Please reproduce the lines from the one containing "幌・ソフトトップ Cavalier &" through the end of the data below exactly as they stand, and omit all pictures.
═════ DATA SHOWN ═════
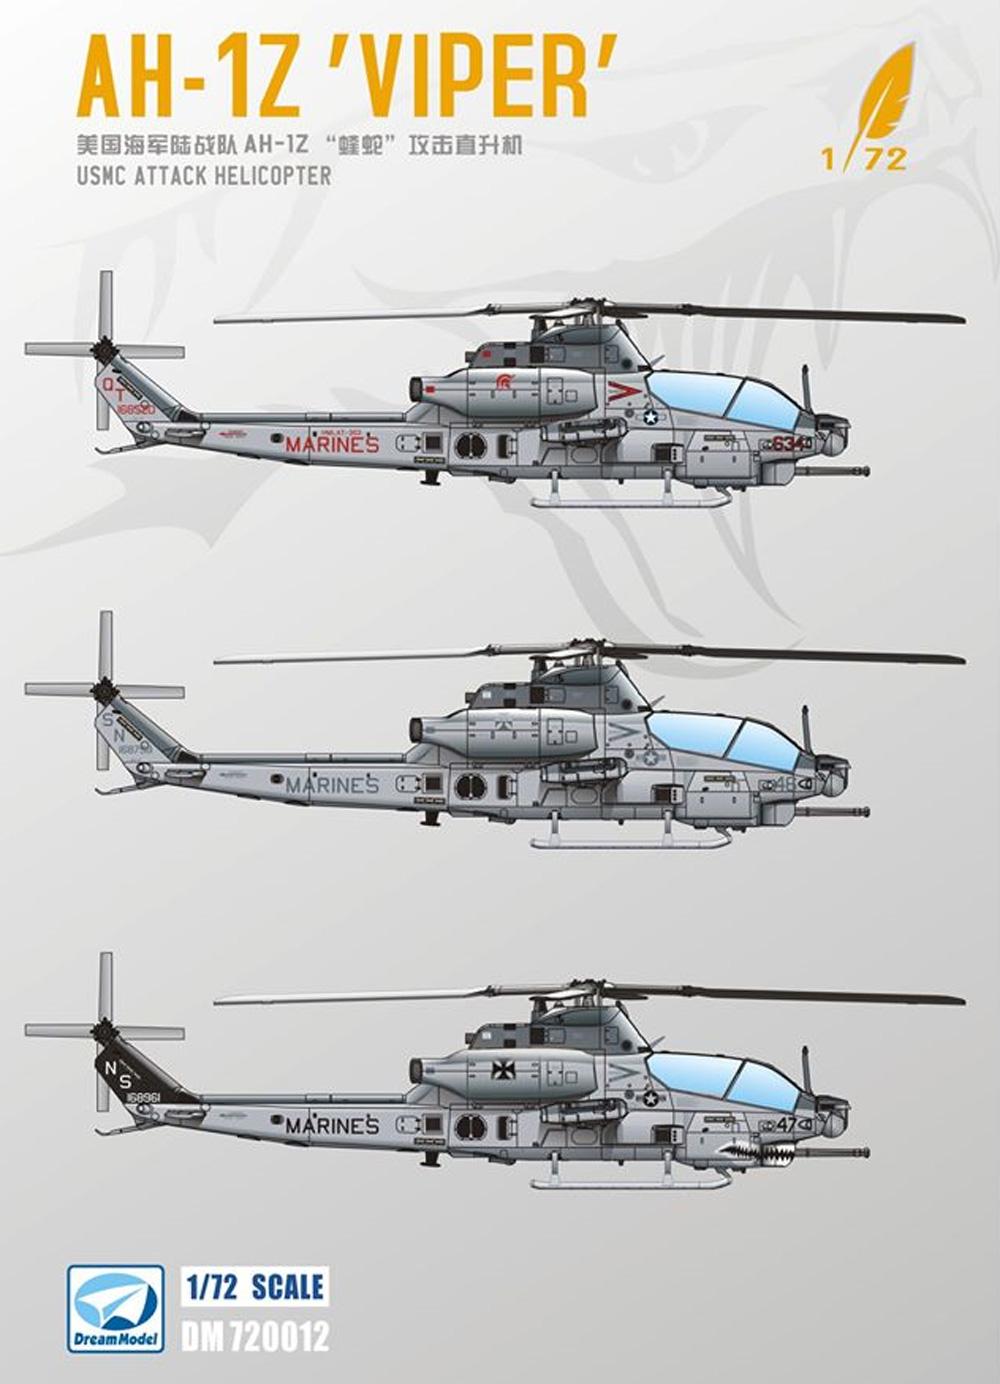 AH-1Z ヴァイパー 攻撃ヘリコプタープラモデル(ドリームモデル1/72 航空機モデルNo.DM720012)商品画像_2
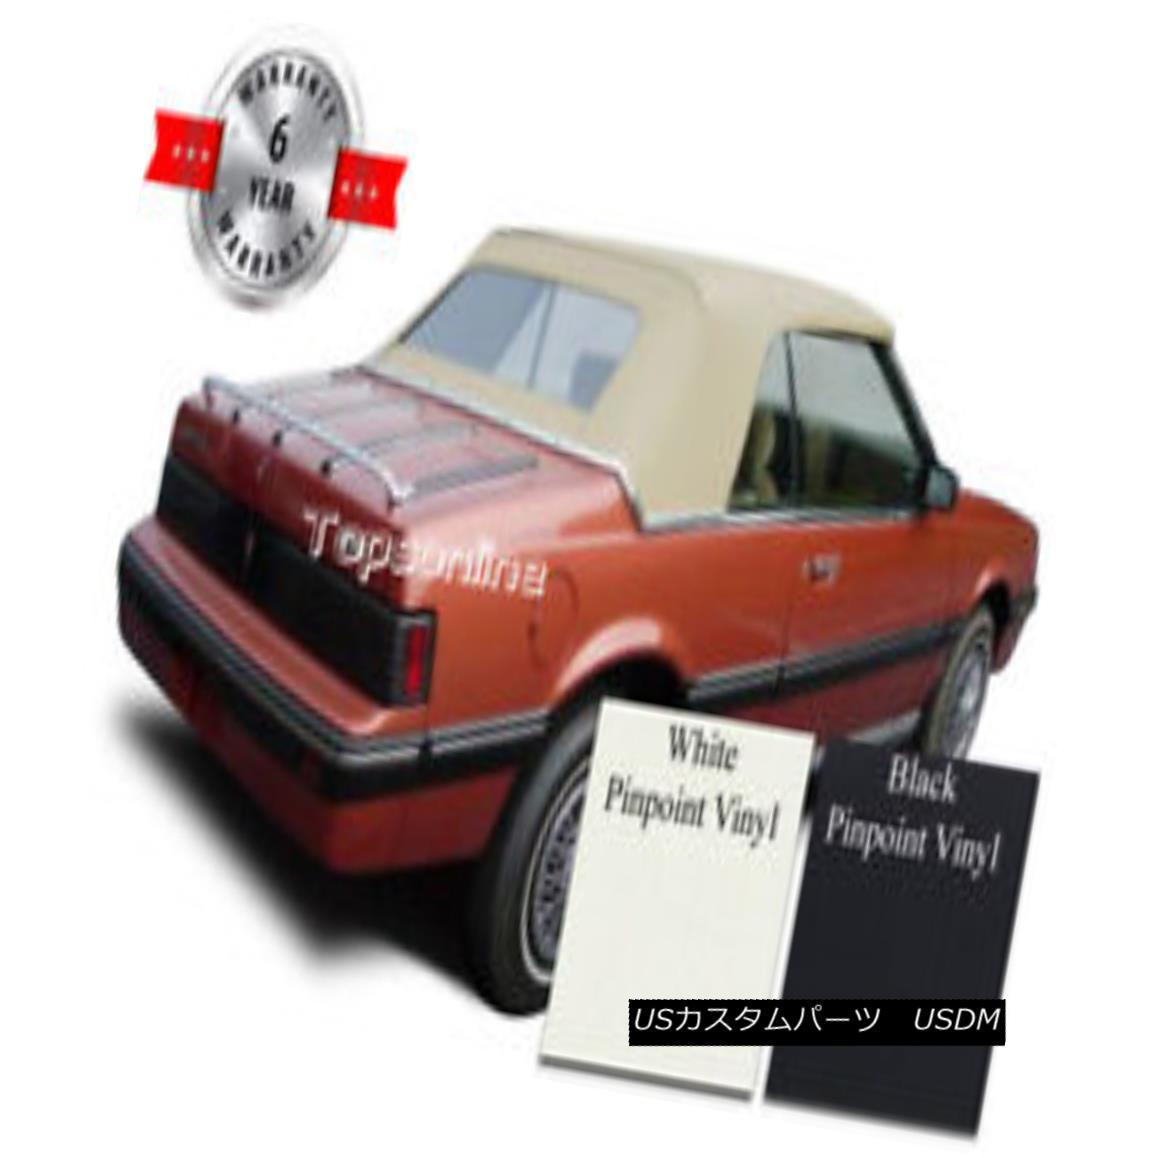 幌・ソフトトップ Cavalier & Sunbird Convertible Soft Top With Plastic Window & Video Vinyl 83-87 キャバリアー& サンバード・コンバーチブル・ソフト・トップ(プラスチック・ウィンドウ& ビデオVinyl 83-87
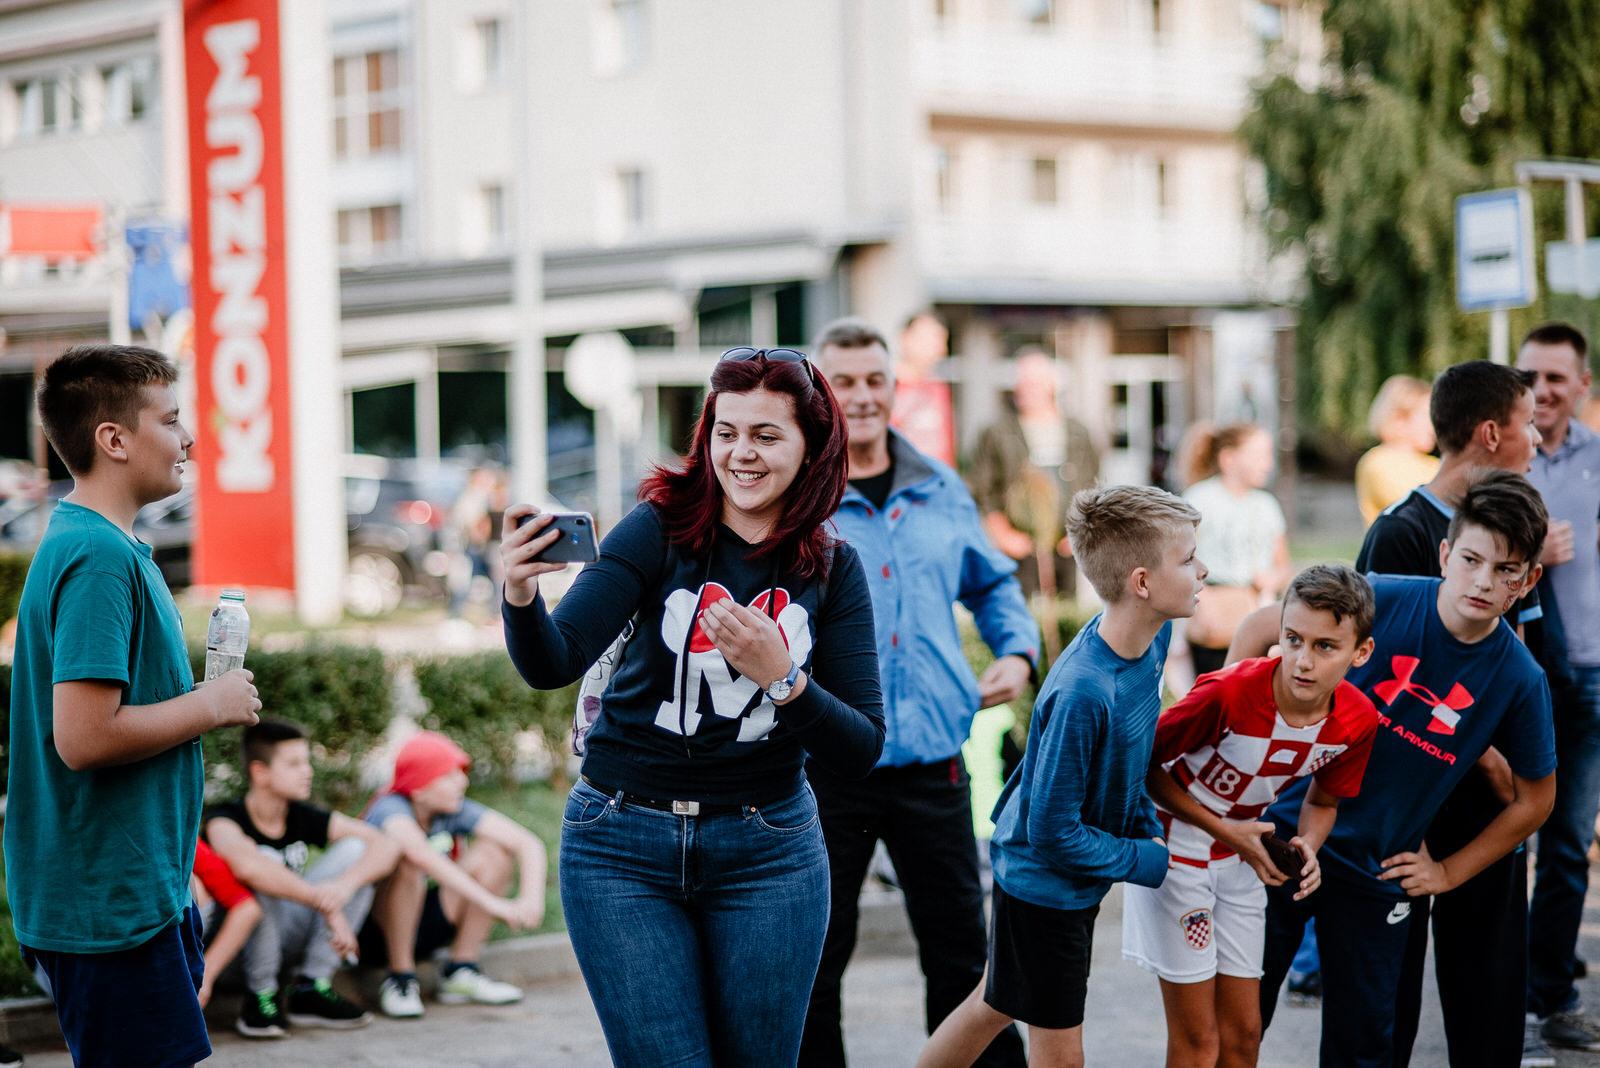 likaclub_korenica_noćna-utrka-2019-12
═════
#### [TASK OUTPUT]
 幌・ソフトトップ Cavalier & Sunbird Convertible Soft Top With Plastic Window & Video Vinyl 83-87 キャバリアー& サンバード・コンバーチブル・ソフト・トップ(プラスチック・ウィンドウ& ビデオVinyl 83-87
 likaclub_korenica_noćna-utrka-2019-12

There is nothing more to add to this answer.